Se in una giornata di sole, con un caldo boia, mi viene da togliere il casco mentre vado in giro in bici, penso subito: “Se qualcuno mi vede, fa una foto e la mette su Twitter, son senza casco”. Non è che mi attacchino o chissà cosa, però offro un brutto esempio. Così mi tengo il casco in testa, se la fatica è quella poco male. Cosa che, tra parentesi, mi salva anche la vita. Perché sono un somaro e vado giù a 80 all’ora in discesa… In realtà la parte pesante è un’altra, il fatto che siamo esseri umani, abbiamo mille sfaccettature, e ogni tanto, soprattutto se non facciamo male a nessuno, ci piacerebbe concederci qualche piccola deroga. Non che abbia grandi desideri ma tempo fa, ad esempio, con Filippo si parlava di come festeggiare i nostri cinquant’anni. E a me è venuta la pazza idea, cui chiaramente conoscendoci non daremo seguito, di dire: «Cavolo, andiamo ad Amsterdam per un weekend, ci spariamo un gran cannone». Detto da me che non me ne sono fatto uno in tutta la vita…
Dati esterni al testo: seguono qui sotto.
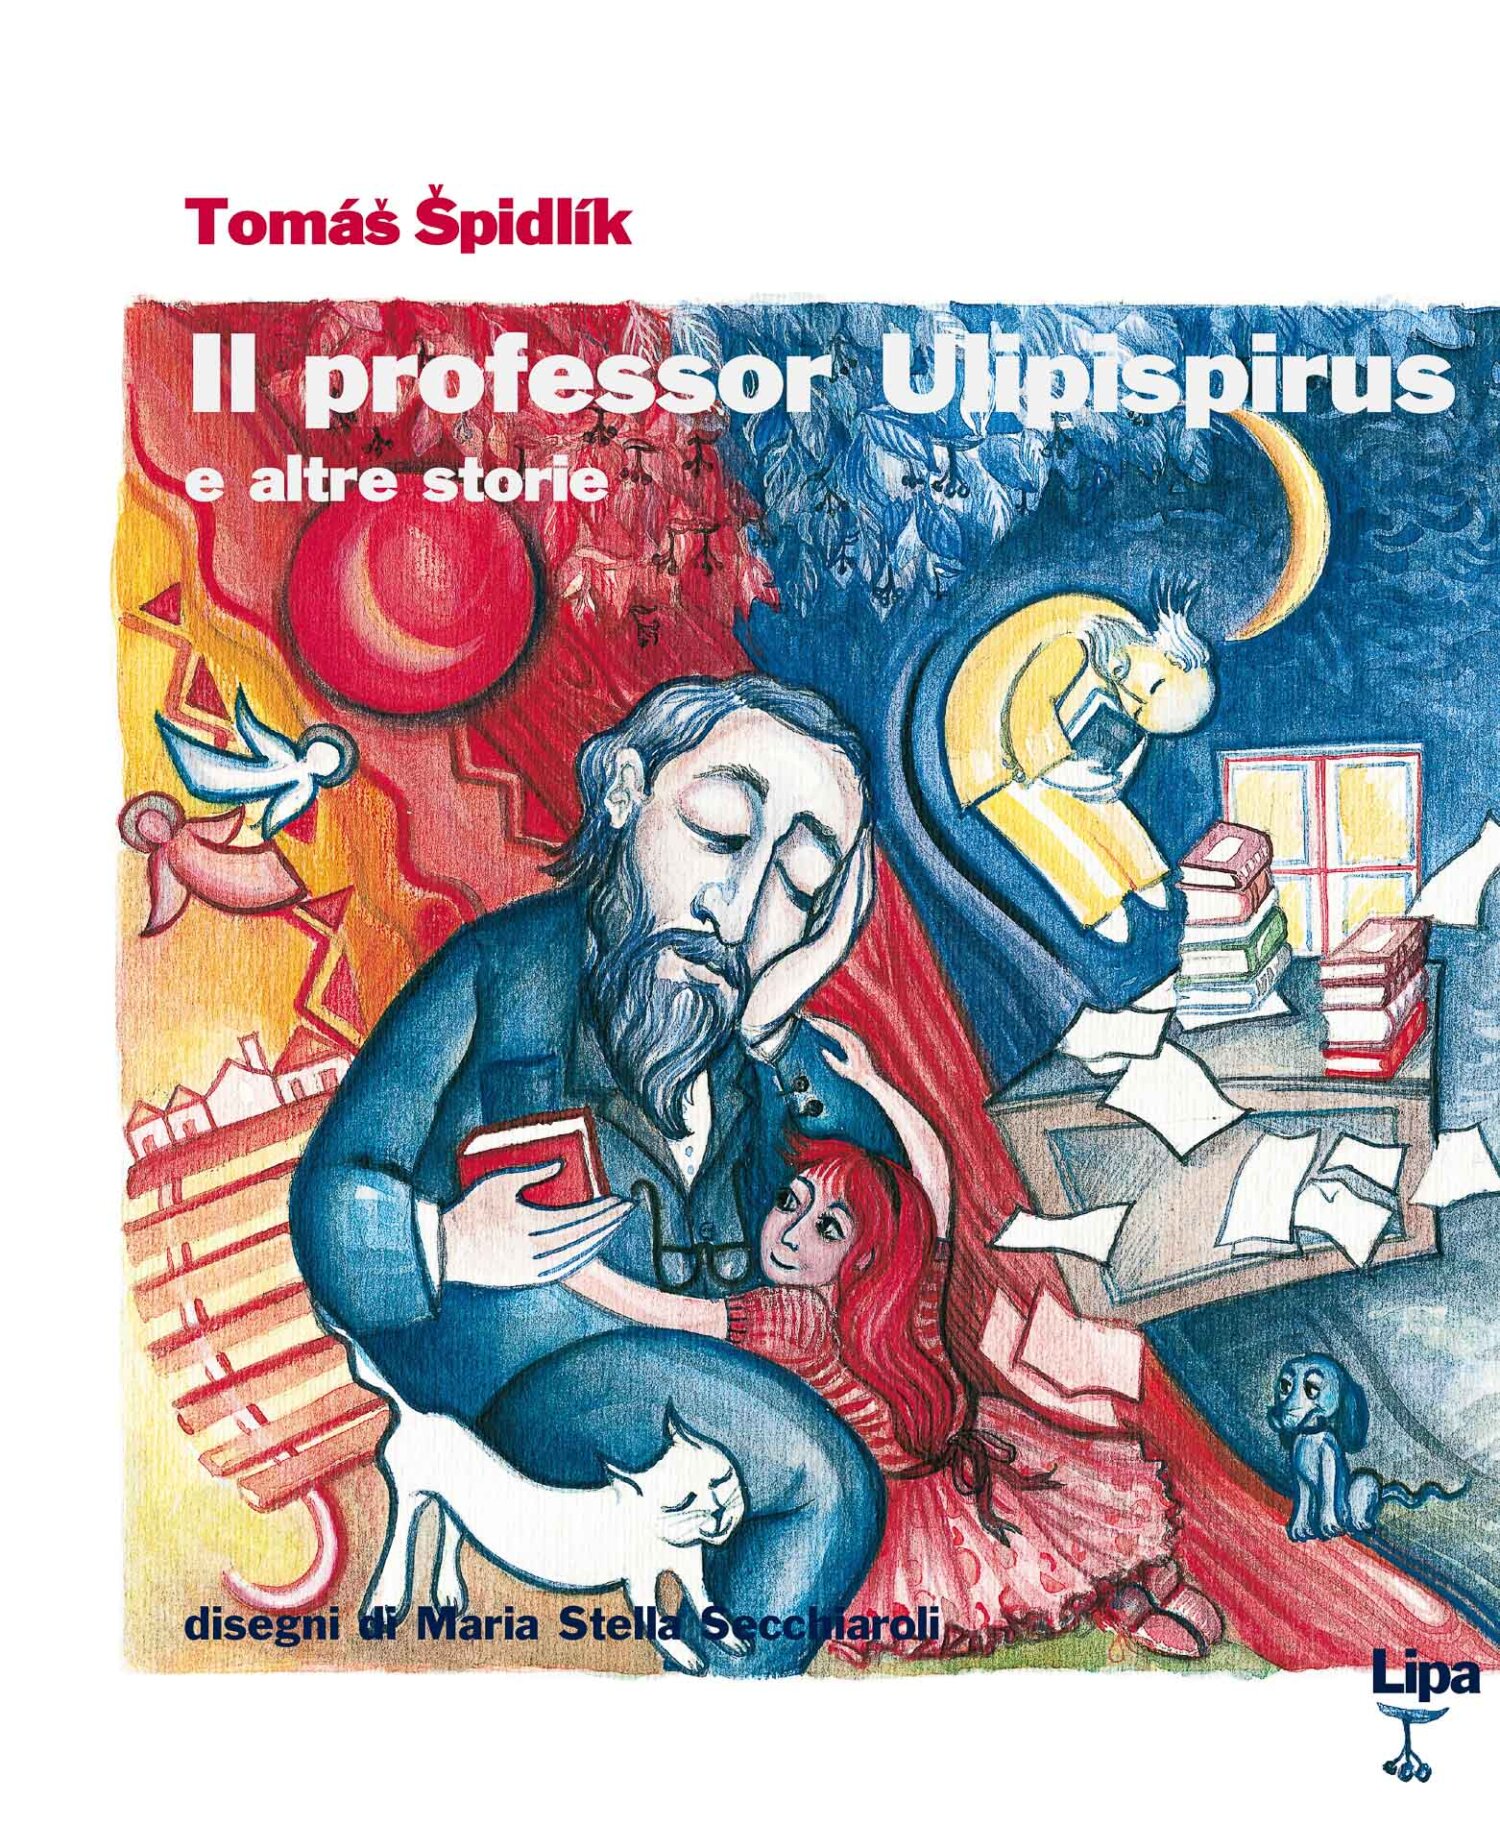 Copertina del libro "Il professor Ulipispirus" di Tomas Spidlik

Sono tutte tentazioni che non ho mai avuto, ma è una questione mentale. Devi sempre essere irreprensibile. Ed è una responsabilità grossa. Anche perché – avendo questa immagine “santificata” – nessuno osa dire niente, anche quando dovrebbe. Ma di sicuro al primo errore si scatenerebbe di tutto. E non sempre hai il controllo o dipende da te. Un giorno, qualche mese fa, sono usciti titoli enormi sui giornali: Doping, anche l’atletica italiana nella bufera. Poi andavi a leggere l’articolo e scoprivi che si trattava di una mancata o inesatta compilazione del modello Whereabouts, che tutti gli atleti devono aggiornare quotidianamente o quasi, per segnalare dove si trovano in caso di test antidoping a sorpresa. Lo compilo sempre anch’io. E sotto quel titolo c’erano tutti i nomi in bella evidenza. Gli atleti hanno fatto un errore, non c’è dubbio. Ma un conto è prendere dell’Epo per migliorare le proprie prestazioni, quindi doparsi, un altro non dichiarare in modo preciso la reperibilità. Anche perché, siccome non sono mai venuti a farti un accertamento, dopo un po’ non ricordi i dettagli e puoi dimenticarti. Comunque, quegli atleti lì sono stati sputtanati ben bene. Dopodiché a distanza di tempo – siccome c’erano stati grandissimi vizi di procedura, anche da parte dell’ente preposto ai controlli – il tribunale ha stabilito che il fatto non sussisteva e sono stati tutti prosciolti. Però, come al solito, io l’ho scoperto guardando per caso una pagina di Televideo che riportava che “gli atleti sono stati tutti assolti in quanto il fatto non sussiste”. Mentre quando li hanno accusati c’erano titoli grossi così, e si sa che la gente si ferma molto spesso a quelli. Posso solo mettermi nei panni di questi atleti ed essere dispiaciuto. Li hanno attaccati pesantemente e non erano certo nomi famosi.
Se succedesse qualcosa del genere a me, un sacco di gente mi vomiterebbe addosso una quantità di cattiverie incredibile. Per farmi pagare i complimenti, i riconoscimenti, che io stesso so di non meritare. Ma non è nemmeno colpa mia se me li fanno. Pagherei il fatto di aver stufato senza che fosse mia intenzione, non per una colpa vera. Ma mi rendo conto che sotto la cenere c’è un potenziale esplosivo, legato all’essere un po’ nazionalpopolare, come la Ferrari o come è stato Alberto Tomba ai tempi. Per una serie di ragioni sono diventato uno che rende visibile qualsiasi cosa faccia. E questo comporta dei rischi, anche se in fondo non deve disturbarmi. Ma con la popolarità ho dovuto imparare a fare i conti. Ben prima delle medaglie di Londra.